In parole povere, i commissari dei consorzi di Bonifica (in 26 anni di gestione straordinaria sono stati in tanti a succedersi in questa scomoda posizione), se non vogliono assistere alla bocciatura del bilancio di previsione da parte dell’amministrazione regionale, devono prevedere una maggiore entrata derivante dall’aumento dei ruoli consortili. Catania snocciola qualche numero: «Nel caso dell’ex Consorzio di Bonifica di Catania la maggiore entrata ammonta ad oltre 1 milione e 330 mila euro. Per tutti i sei Consorzi di Bonifica accorpati nel consorzio unico della Sicilia Orientale, il minore trasferimento delle somme dalle casse regionali ammonta ad oltre 5 milioni 450 mila di euro e su questa cifra deve attestarsi la previsione delle nuove entrate».
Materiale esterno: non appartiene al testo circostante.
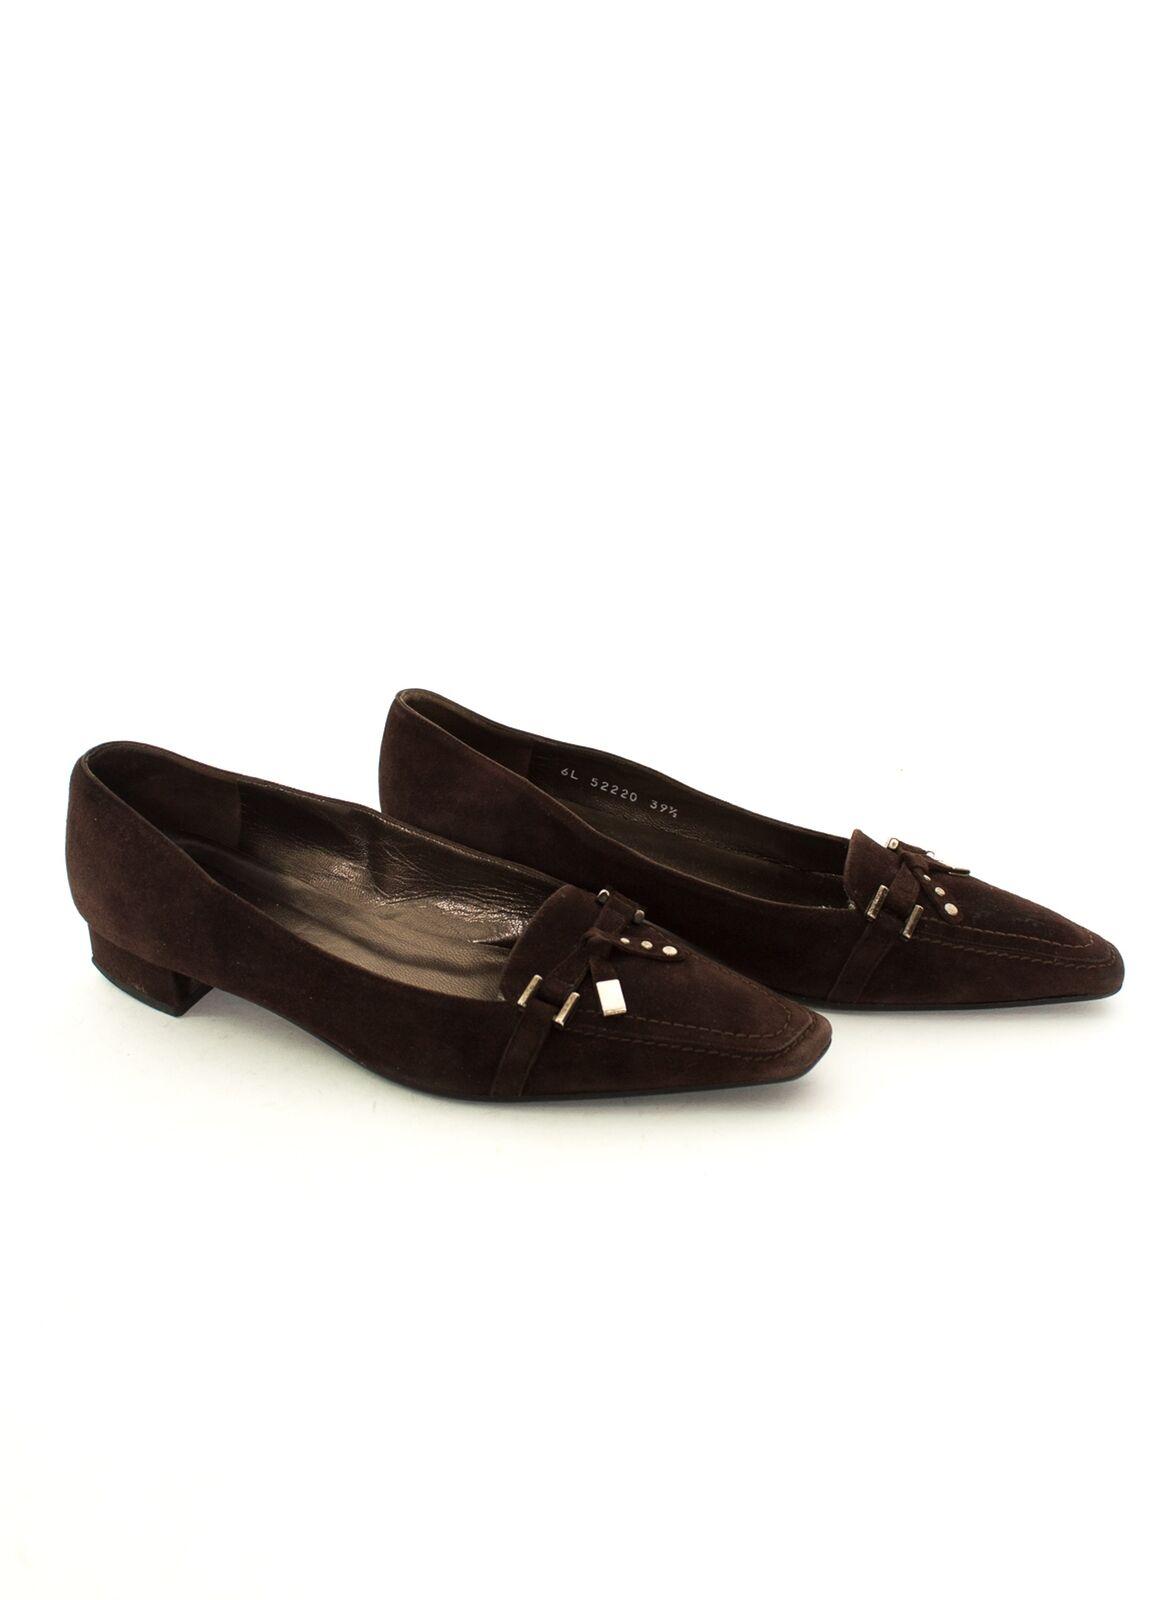 STUART WEITZMAN WEITZMAN WEITZMAN Pumps Gr. EU 39,5 Damen Schuhe High Heels Laufer Braun Leder  | Neueste Technologie  c15918

Poi c’è la situazione “esplosiva” dell’ex Consorzio di bonifica di Ragusa (anche questo è confluito nel Consorzio Sicilia orientale): debiti incontrollati e crescenti, dipendenti che non percepiscono lo stipendio da mesi, sindacati sul piede di guerra e rischio blocco dell’erogazione dei servizi all’orizzonte. 

Si tratta di una situazione grave, che peggiora di settimana in settimana, e che Confagricoltura Ragusa ha più volte denunciato pubblicamente.

Dichiara il presidente di Confagricoltura Ragusa, Antonino Pirrè: «Lo abbiamo detto più volte: occorre porre in essere soluzioni straordinarie per risolvere in maniera strutturale la gravissima situazione finanziaria dell’ente, pagare gli stipendi ai dipendenti e scongiurare in ogni modo il blocco dei servizi, che rappresenterebbe per gli imprenditori agricoli, oltre il danno, la beffa: infatti, a fronte di servizi talvolta scarsi ed inesistenti, il Consorzio spedisce agli utenti cartelle salatissime e l’eventuale blocco causerebbe danni gravissimi alle colture».

Difficile trattenere la rabbia degli agricoltori. E non solo di quella della Sicilia orientale. Anche nell’Agrigentino, e precisamente a Naro, nei giorni scorsi sono piovuti gli avvisi bonari inviati da Riscossione Sicilia per conto del Consorzio di Bonifica Agrigento 3. Negli avvisi una sorpresa: il beneficio irriguo connesso alla presenza dei bocchettoni di erogazione dell’acqua nel 2016 è aumentato del 400% passando da 20 a 80 euro per ettaro. Così si fa cassa e si rimette in equilibrio il consuntivo dell’anno. Semplice, no?